Output to HTML In the most common case of inserting a string into some HTML, you need to ensure that you do not allow the user to inject arbitrary content into the page, Not only does this allow them to edit the page that another user can see, but they can also inject code in the form of javascript that could do anything they want. This script will run as the user that views the page and could allow the attacker to steal their information and login credentials. This is called Cross-Site Scripting. The syntax rules of HTML and Javascript mean that you need to encode differently depending on where in the HTML you insert the user-data. There is a very valuable page at http://www.owasp.org/index.php/XSS_%28Cross_Site_Scripting%29_Prevention_Cheat_Sheet that explains how to transform the data for the 6 different categories of places where you can insert a string into a HTML page.

Output to database If you save user-data to the database, you effectively have to include the string in an SQL statement. You must ensure that you do not allow the user to change the meaning of the SQL statement and only be able to change the data values. If they can change the meaning of the statement, this is called SQL injection.

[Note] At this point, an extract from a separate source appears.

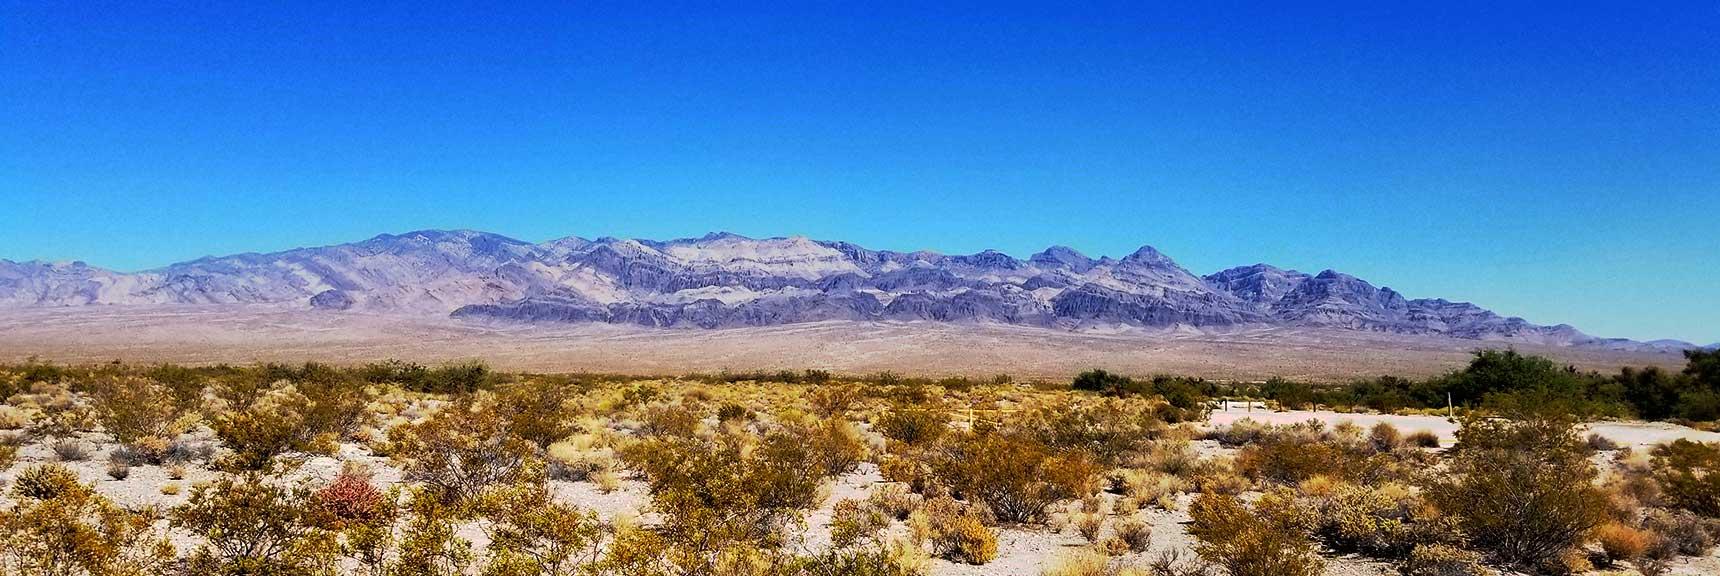 Sheep Range Viewed from I-95, Nevada

This is a special case, as although you can it solve the problem using output-encoding, you are better off using a technique called "bound parameters". This ensures that your data is always used as data and never as code when talking to the database. PHP supports bound parameters in a number of db libraries including "PDO" (cross-database) and "Mysqli" (MySQL). It should be noted that the "Mysql" library does not support bound-parameters.

There is much more information all over the net and in StackOverflow about Cross-Site scripting (XSS) and and SQL injection (SQLi) and it is well worth reading around the subject. There are of course many other types of attack, but if you follow the process above you should minimise your risks. It is not unreasonable for data-validation and encoding routines to make up a significant part of a secure web appplication. But you have to biuld the security methodology into your standard working process. Adding it as an afterthought is much more difficult. Sometimes look back at your validation code for a particular function and think whether you could add some more rules. There's always going to be something you miss first time round.

Filters relying on blacklists fail. Check PHPIDS if you are serious about detecting attack patterns.